Management schedules that maximize net present value with higher discount rates (especially 3 % or more) are exploitive from the wood production point of view since they lead to very strong immediate cuttings and reduced wood production in the longer term. Taking into account the multiple functions of the forests, these schedules may not be regarded as acceptable. Although the used discount rate should depend on the capital markets, a good compromise between economic profitability, wood production, and environmental services provided by the forests would be to follow those schedules that maximize economic profitability with 1 % discount rate. Another option would be to use a higher rate—if the market rate is higher—and add constraints to the problem formulation that guarantee a continuous presence of large trees and a sufficient growing stock volume. Most probably, the results would be rather similar to those obtained in this study for 1 % discount rate.
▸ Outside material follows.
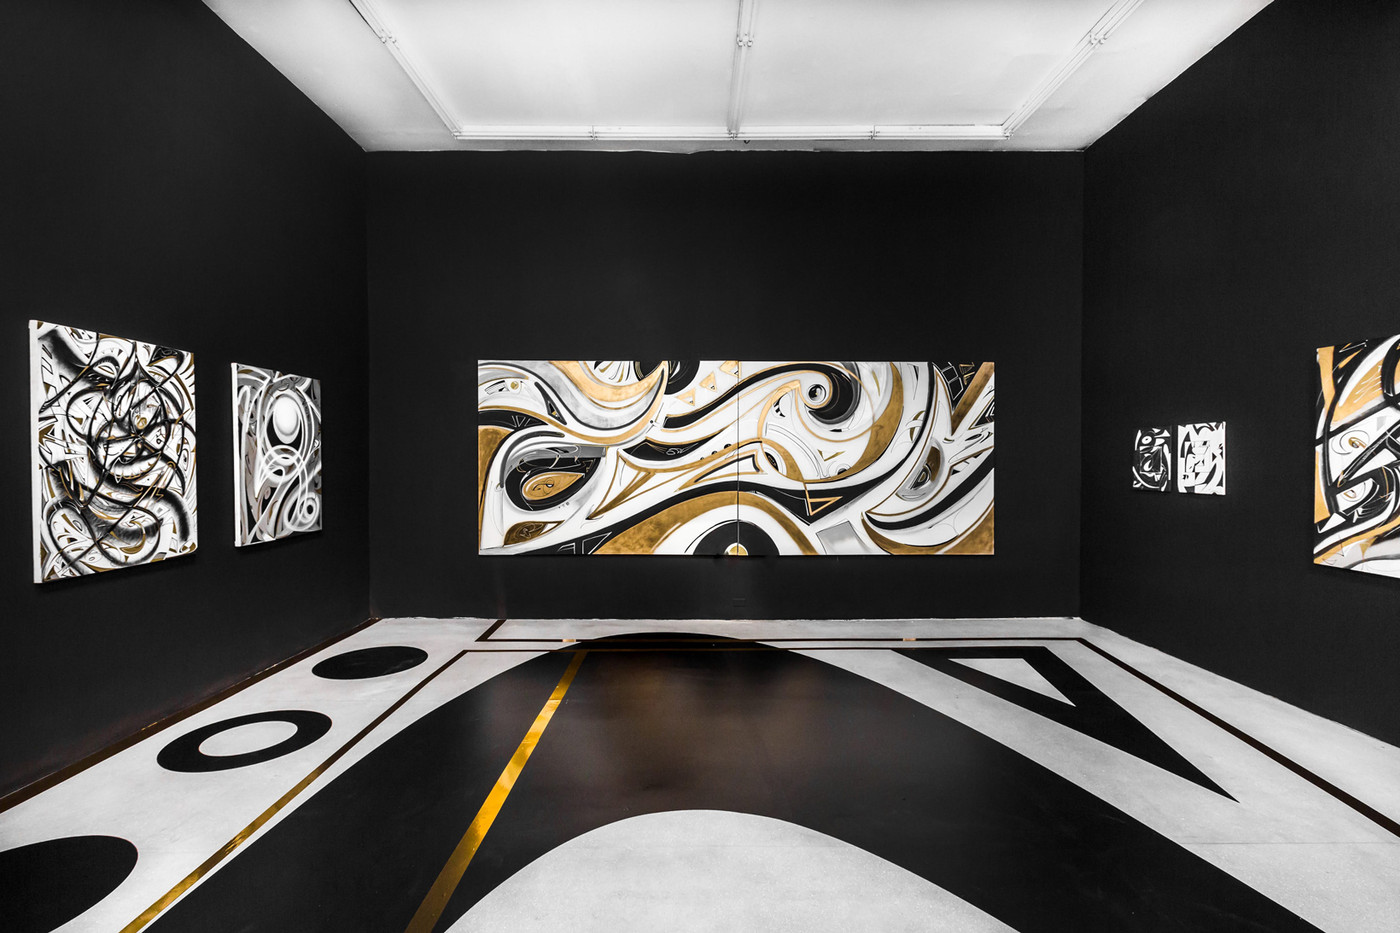 https---hypebeast.com-image-2018-06-zeehan-wazed-abxy-gallery-momentum-exhibition-1.jpg

This study optimized the management of pure, one-species stands. Optimizing the management of species mixtures would be straightforward: the single post-cutting distribution is replaced by a set of species-specific distributions (e.g., Pukkala et al. 2012). However, the models presented in this study may not describe reliably enough the potential species interactions of the Hyrcanian forests with a consequence that optimizations for mixed stands should wait for improved models (Liang et al. 2005). Species interactions are most likely to occur in ingrowth (Pukkala et al. 2013) since some species are more shade-tolerant than others and therefore may gradually replace shade-intolerant pioneer species. Also, tree survival may depend significantly on the species composition of the stand (Griess et al. 2012). The gradual species succession in the natural stand dynamics should be taken into account when developing improved models for the mixed hardwood forests of Hyrcania. Optimizing cutting intervals simultaneously with cutting intensity or amount of residual growing stock (Chang 1981; Chang and Gadow 2010) would also be straightforward; the number of years since previous cutting (or start) needs to be added to the set of variables that define each cutting event. However, some caution is required since the time step of the growth models is 10 years. The entry cost of cutting needs to be taken into account when cutting interval is optimized. Another improvement would be to integrate timber price variation in the optimization (Lohmander 2007; Pukkala and Kellomäki 2012).